Chalamet’s ad also echoes other unconventional marketing, which helps explain why it felt like a surprise to fans. TheWrap says the ad resembles off-the-wall marketing Chalamet did for his Academy Award-nominated ping-pong movie “Marty Supreme,” including climbing atop the Sphere and pitching his campaign in a then-viral Zoom call. That context matters because it shows Chalamet is not new to chaotic, attention-grabbing promotion. The difference is that “Marty Supreme” is entertainment. Kalshi is a platform operating in a regulatory gray zone, with legal action history and political accusations attached. In category terms, the celebrity brand works like an accelerator: it can amplify adoption, but it can also amplify scrutiny.
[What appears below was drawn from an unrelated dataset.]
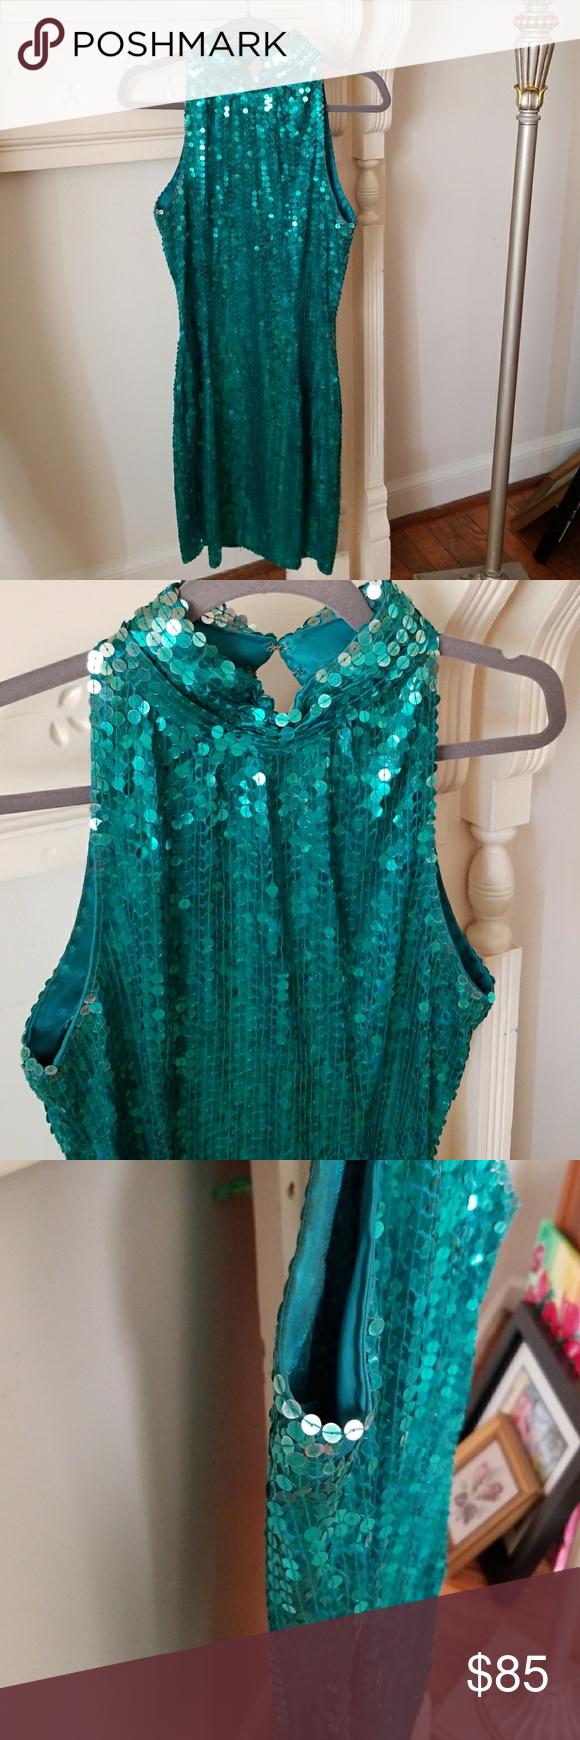 Vtg sequin dress check out the back my posh picks pinterest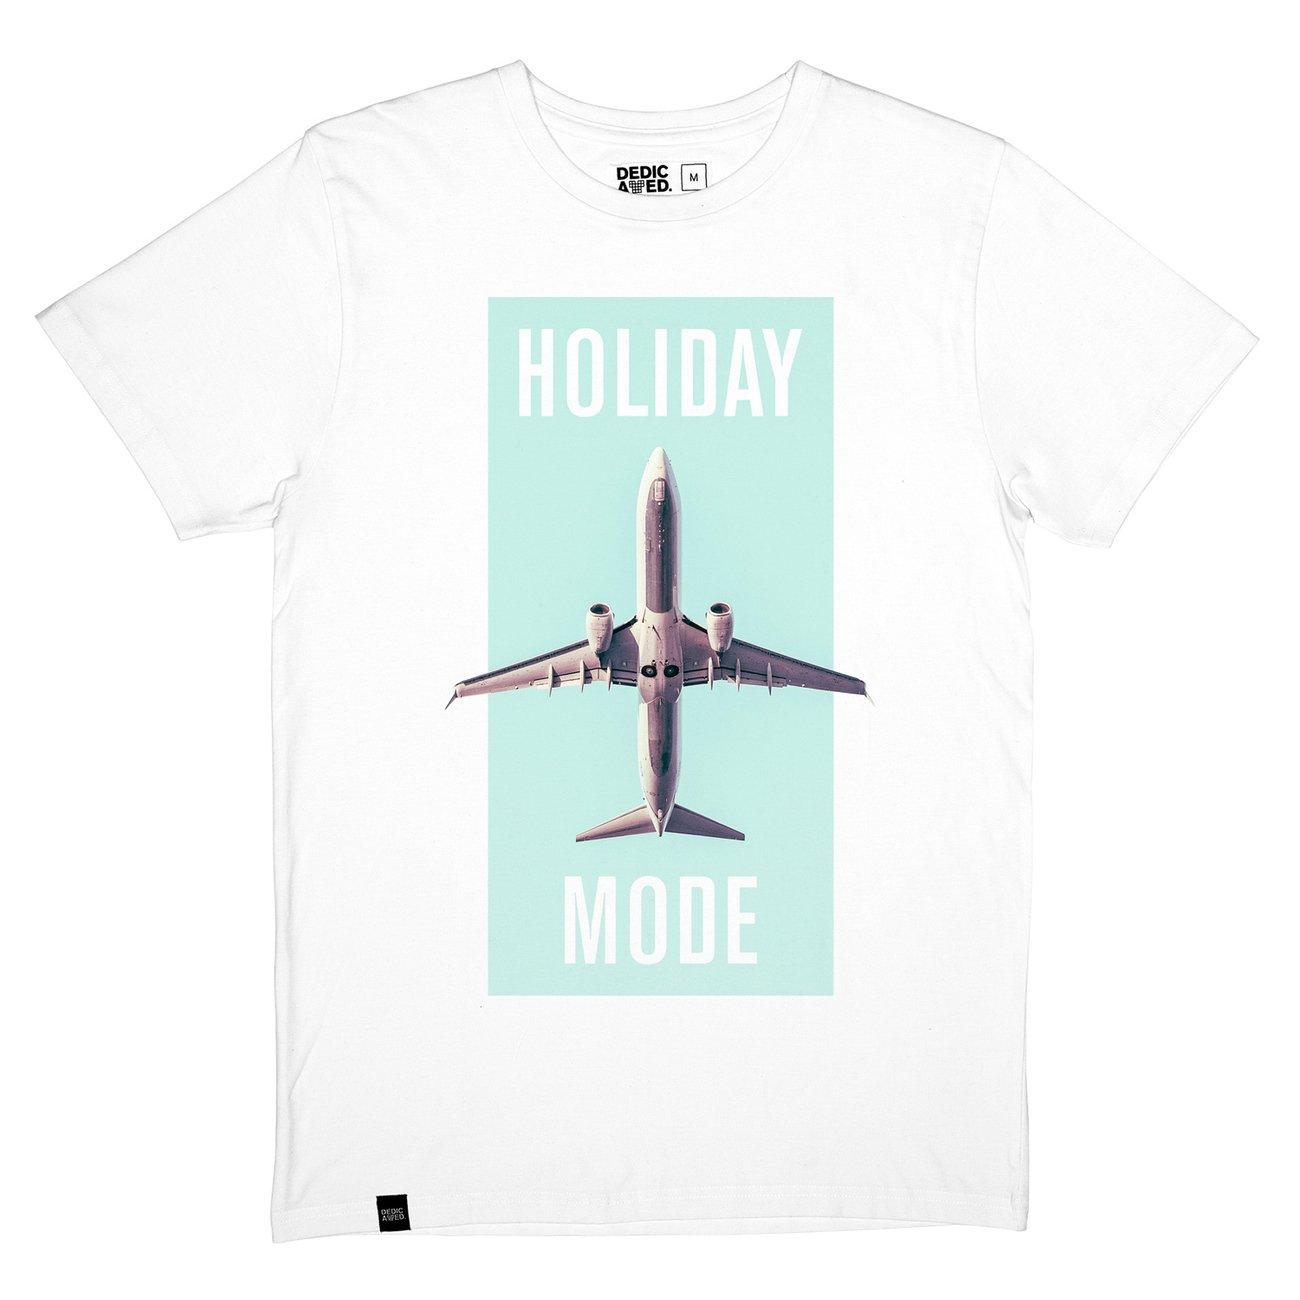 4bdadf36a525f6 DEDICATED - T-shirt Stockholm Holiday Mode - Tshirt Store Online

For executives at prediction markets, fintechs, and any consumer-facing platform that sits near legal or reputational fault lines, this moment is a live case study. A one-minute creative decision can turn into a public debate about incentives, ethics, and legality in the middle of normal business. The “Dune funds” and “courtside seats” jabs are not just jokes; they point to how people interpret partnerships. When audiences suspect someone is taking money from a controversial product, the endorsement stops being a neutral marketing channel and becomes a credibility referendum. That is a dangerous dynamic for companies whose regulatory posture depends on trust as much as on text in statutes.
The strategic takeaway is simple: endorsement risk is not only about whether your product works. It is about how your product is framed, who is associated with it, and what legal and political narratives are already circulating. The backlash TheWrap describes shows Kalshi is operating in a spotlight, even when the marketing is designed to look like a harmless pop-culture cameo. In a world where attention moves faster than compliance, these partnerships can accelerate both user growth and regulatory urgency. For boards and leadership teams, the question is not whether a celebrity ad gets views. It is whether it forces you to answer the hardest questions, sooner, and at a scale your competitors may not be dealing with yet.